Create a function that goes through each of the letters and finds the distance. Then add all the distances together into a “total” distance.

Math function?

If you’re wondering what the math function for this looks like, it’s as follows:

\(\sum_{n=0}^{N} \lvert a - b\rvert\)

Tips for procedure

Use a for-loop to go through the entire frequency table.
For each letter in the frequency table, find the absolute value compared to the actual frequency. Use the abs() function in Python for this.
Add together all the values, and you should get an end result.

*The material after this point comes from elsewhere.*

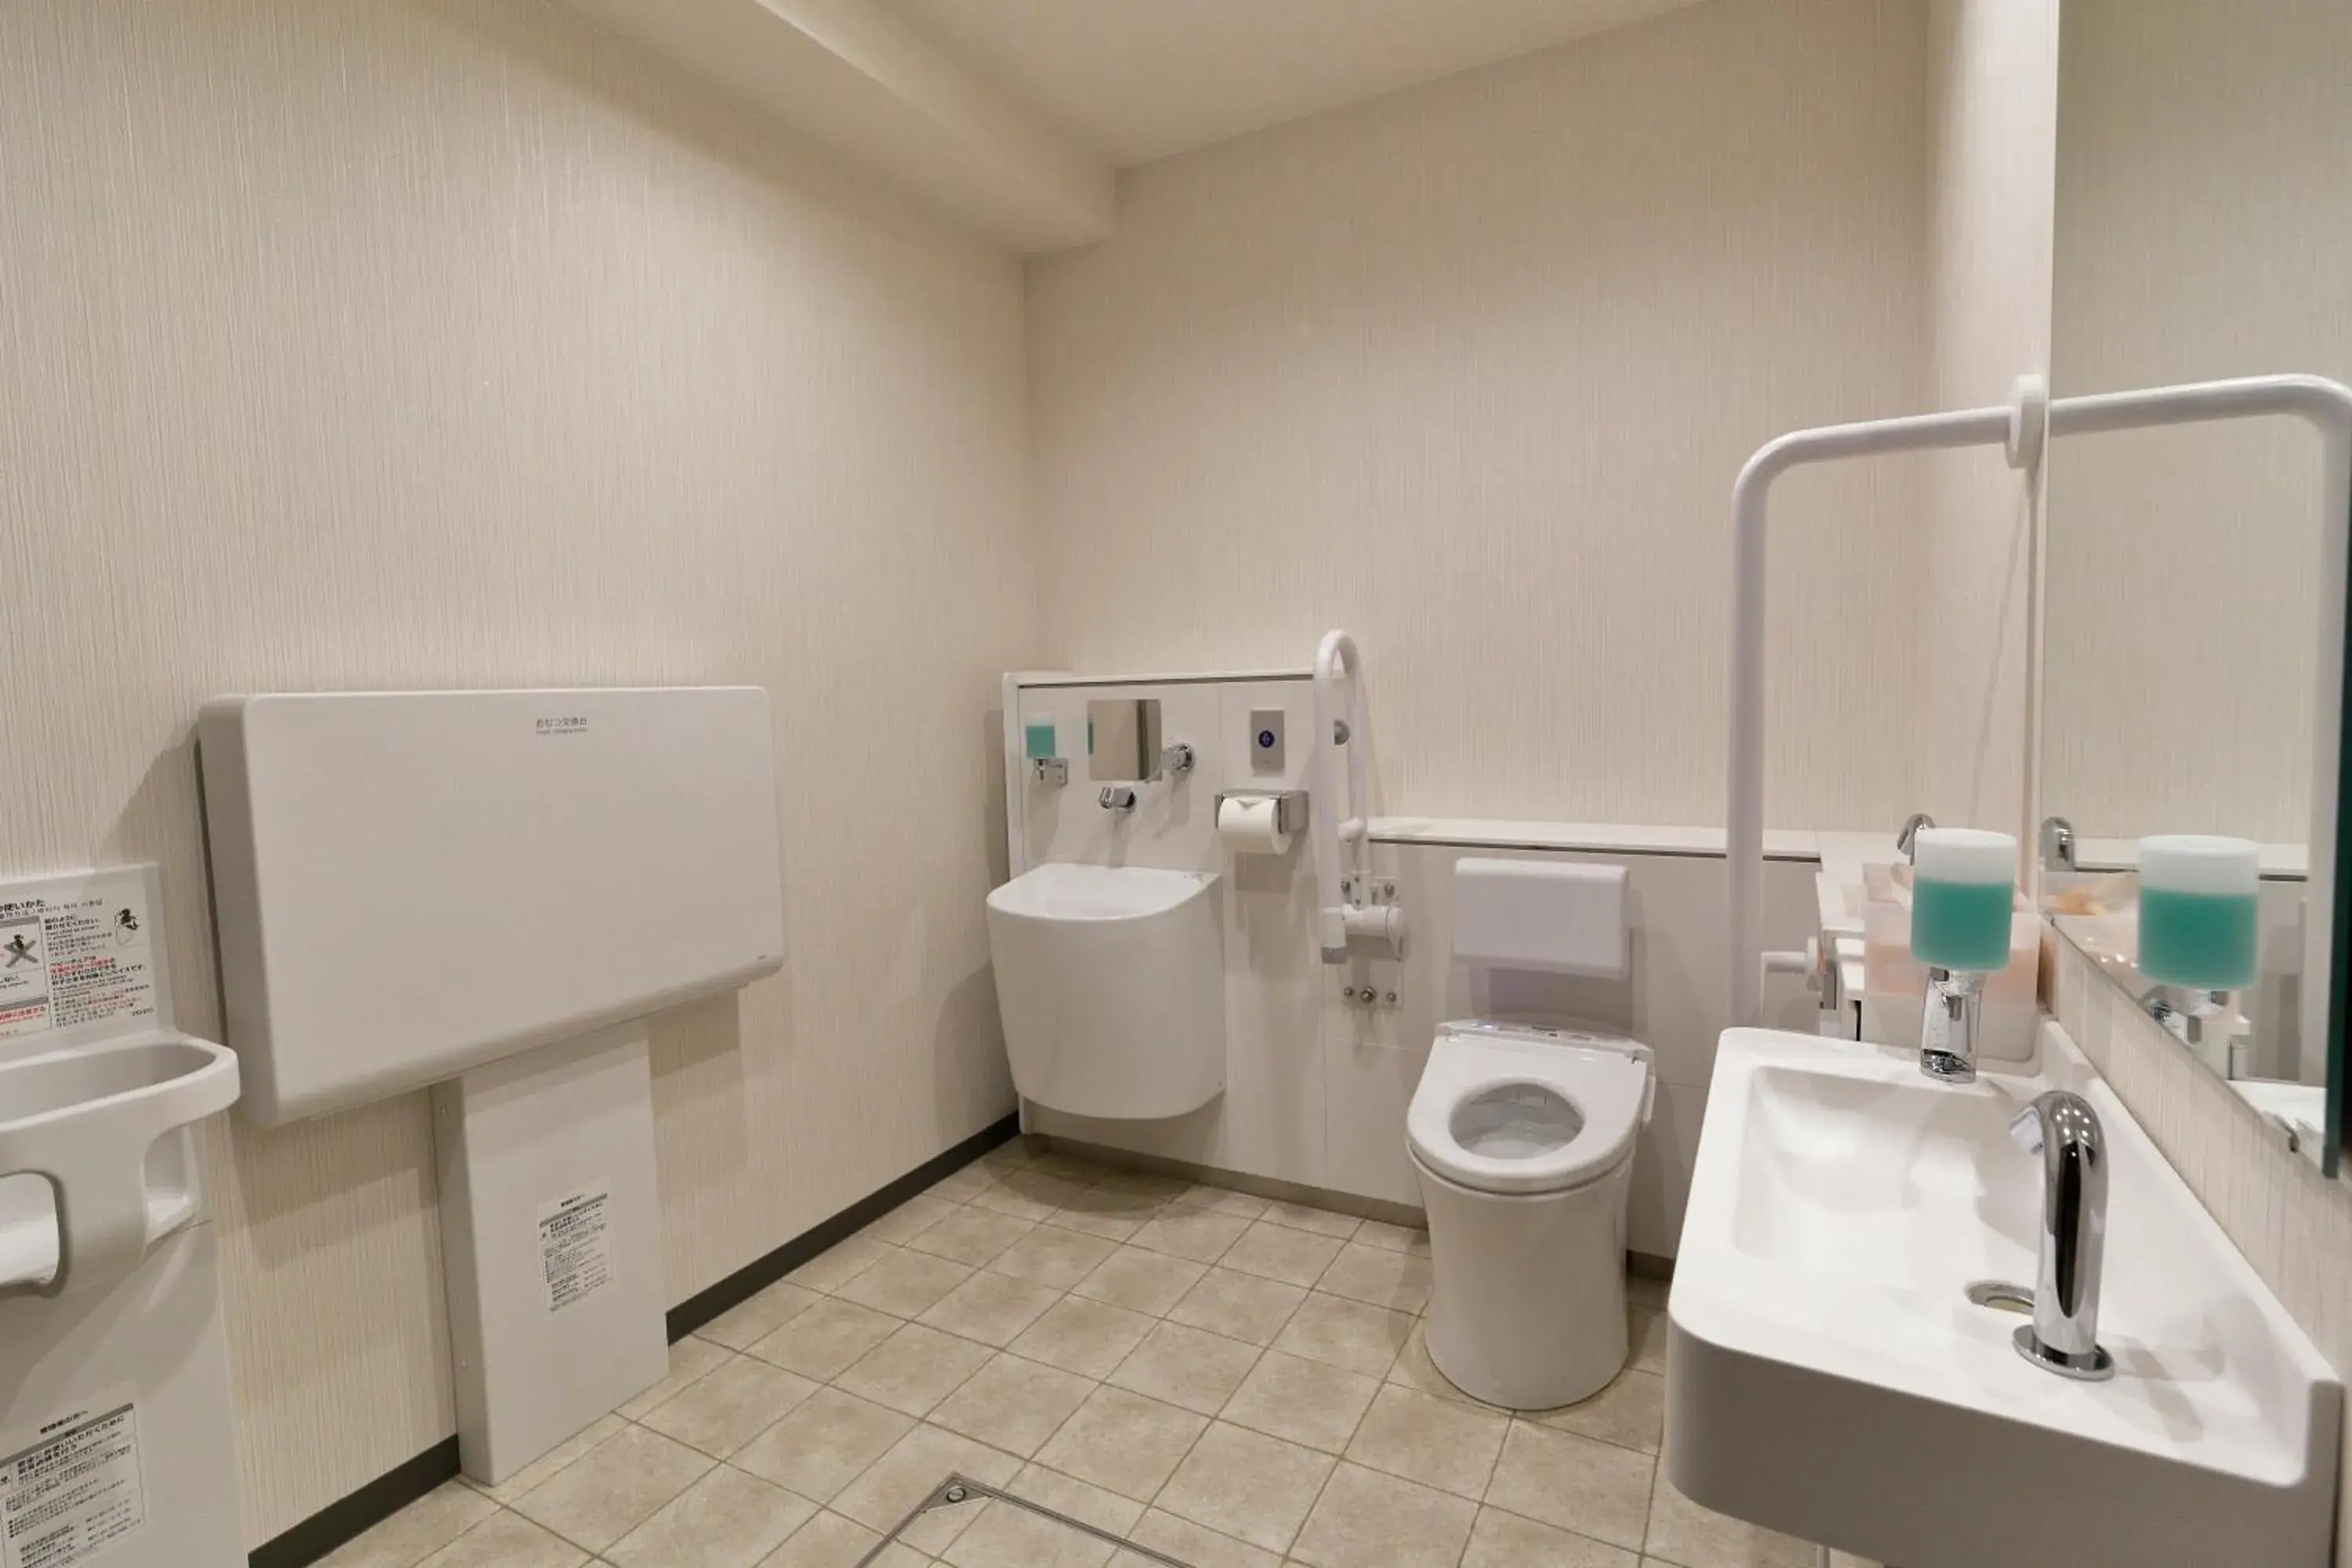 Area and facilities, Bathroom in Act Hotel Roppongi

Task 2.4 - “Crack” a Caesar Cipher

Now we will finally put together everything we have done so far! Now we will “crack” a Caesar cipher.

Create a program that “cracks” a Caesar cipher! Without user influence, you should be able to throw in an encrypted text and retrieve the decrypted text without needing a key.

Test data

Here is some test data you can use, what do these say?

Test-data
`cqrbvnbbjpnrbjenahbnlancxwnqxynoduuhhxdjanjkuncxmnlxmnrclxvyuncnuhjwmqnanjanbxvnfxamboaxvxdaojexarcnsnmrqnuuxcqnanrcbxenajwjtrwrqjencqnqrpqpaxdwmhxdfnanarpqccqnwnpxcrjcrxwbfnanbqxac`
`lsaizivxlmwqiwwekimwuymxiwlsvxwsmxqmklxrsxasvoewibtigxihlsaizivmjmxhsiwksshnsf`
`bmtxymjwjsfdfsxbjwrjxyfsifsizsktqidtzwxjqkqtslqnajymjpnslgfwsfwitmjdtzhtrjrtxyhfwjkzqqdzutsdtzwmtzwynxstbxywzhpybjqajljyymjjytgjikwfshnxhtktwymnxwjqnjkrzhmymfspxynxgnyyjwhtqifsinfrxnhpfymjfwymfajdtzmfivznjylzfwistyfrtzxjxynwwnslbjqqlttisnlmynkdtzitrjjymtwfyntfsirfwhjqqzxymjwnafqxtkrdbfyhmgniymjrrfpjmfxyj`
`zwkyvivrivrepzuzfkjzekyviffdnzcckyvpgcvrjvjkreulgjrzukyvjritrjkztkvrtyvirwkvircfexjzcvetvfevwivjydreifjvkfyzjwvvkefnkyvedzjkvinypufpfltfejzuvipflijvcwrezuzfkzehlzivukyvkvrtyvinzkyrjevvinvccrtklrccpzufekjrzukyvjkluvekslkzyrkvkfjvvpfljkreuzexlgkyvivrccsppflijvcw`
`uwwilxchaniuffehiqhfuqmizupcuncihnbylycmhiqusuvyymbiofxvyuvfynizfscnmqchamulyniimguffniayncnmzunfcnnfyvixsizznbyaliohxnbyvyyizwiolmyzfcymuhsqusvywuomyvyymxihnwulyqbunboguhmnbchecmcgjimmcvfysyffiqvfuwesyffiqvfuwesyffiqvfuwesyffiqvfuweiibvfuweuhxsyffiqfynmmbueycnojufcnnfyvullsvlyuezumncmlyuxswigcha`

Tips for procedure

Begin by creating a function that takes in text.
Use the decryption function for Caesar cipher with rotation N on the text, N starts at 0.
Create a frequency table of the result
Determine the distance of the result in relation to the actual frequency table
Either: a) keep track of the distance in a list, or b) keep track of the smallest value and the rotation (this becomes the key)
Increase the rotation by 1 and repeat steps 2 to 6 until N reaches 26 (full rotation).
Return the decrypted text, i.e. the smallest distance is the correct key.